*Activity*
Leave the pictures out and repeat the rest of the data below exactly.

Stored data section start

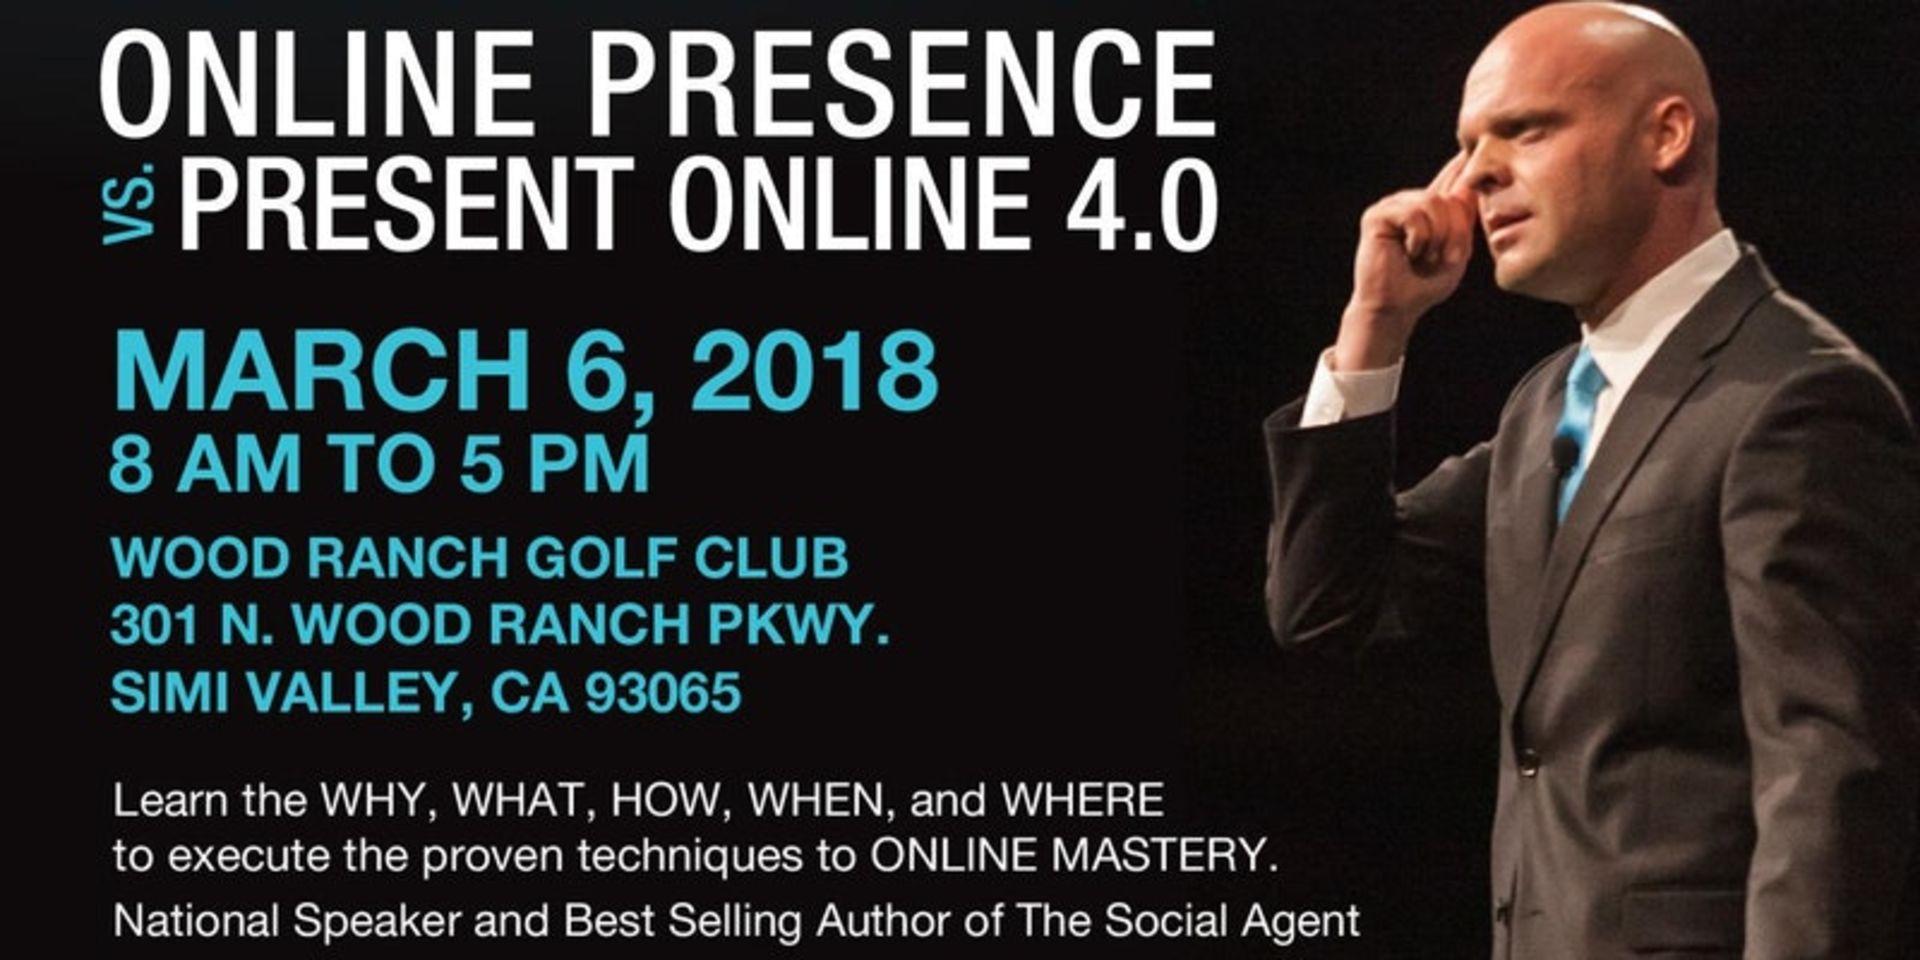 Tony Giordano: Online Presence vs. Present Online
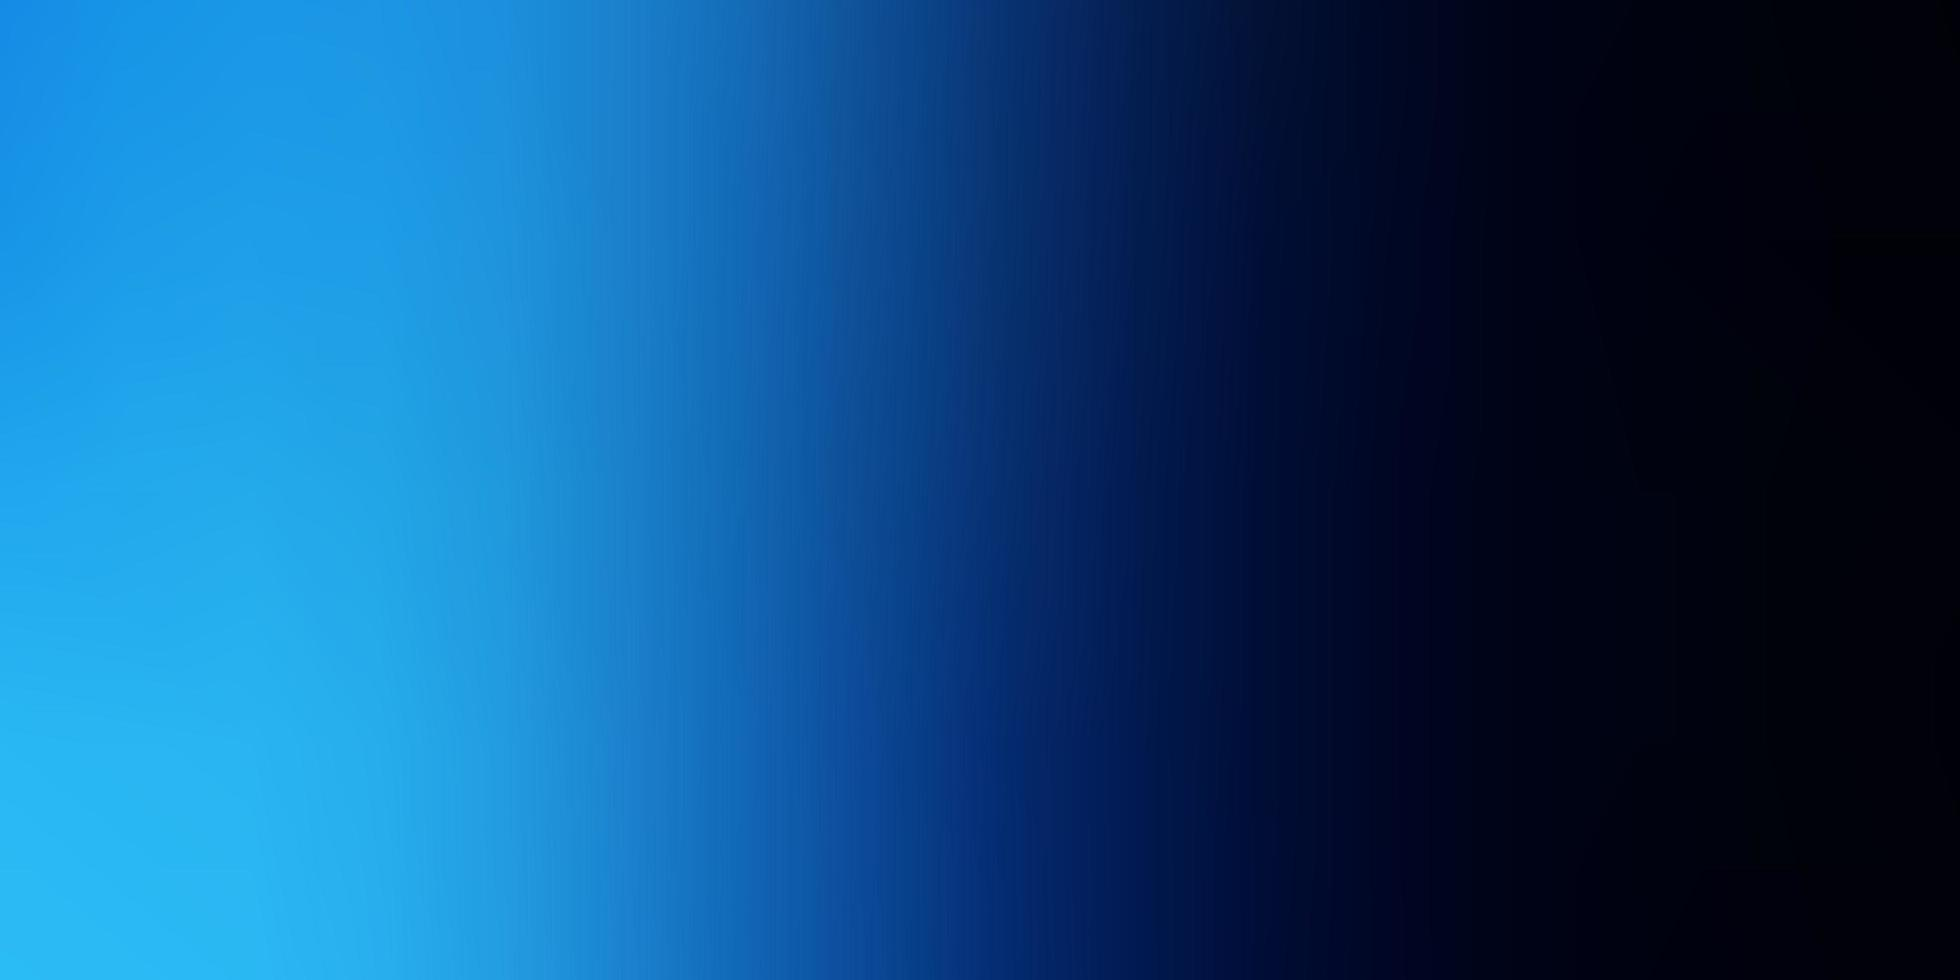 vetor azul escuro turva padrão colorido.
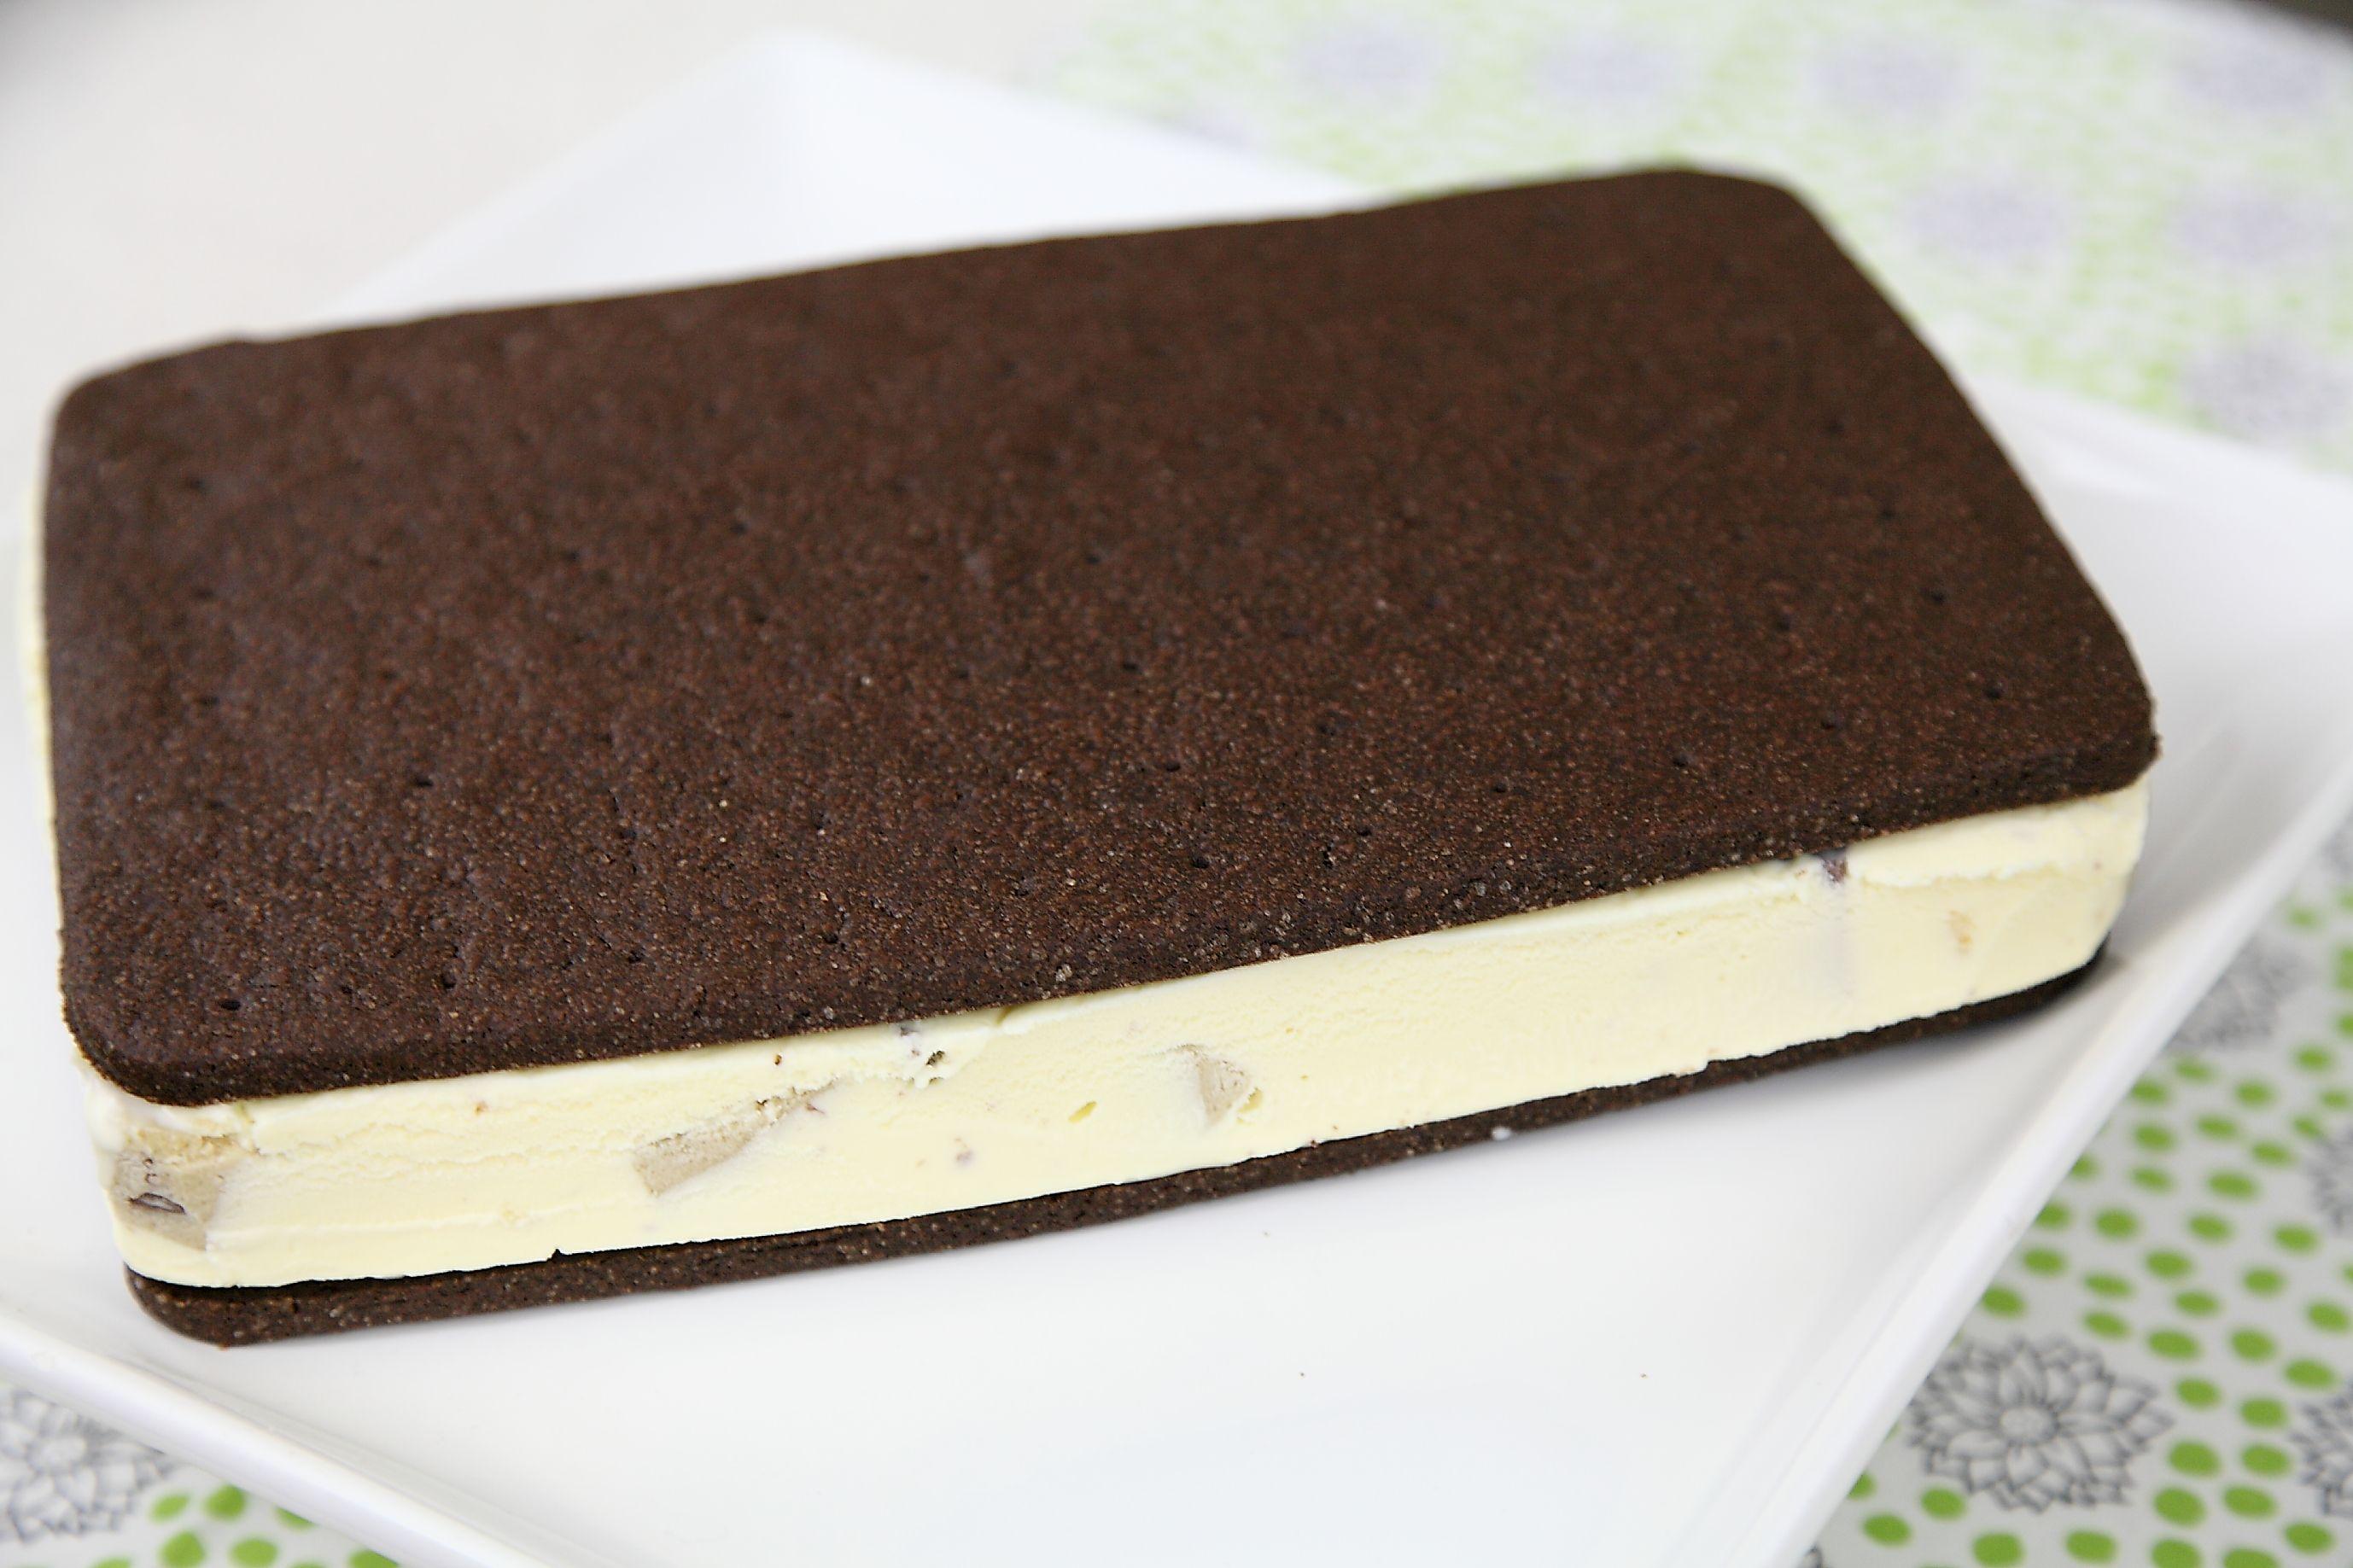 Choc Chip Cookie Dough Ice Cream Sandwich

Stored data section end

*The completed task*
 Tony Giordano: Online Presence vs. Present Online
 vetor azul escuro turva padrão colorido.
 Choc Chip Cookie Dough Ice Cream Sandwich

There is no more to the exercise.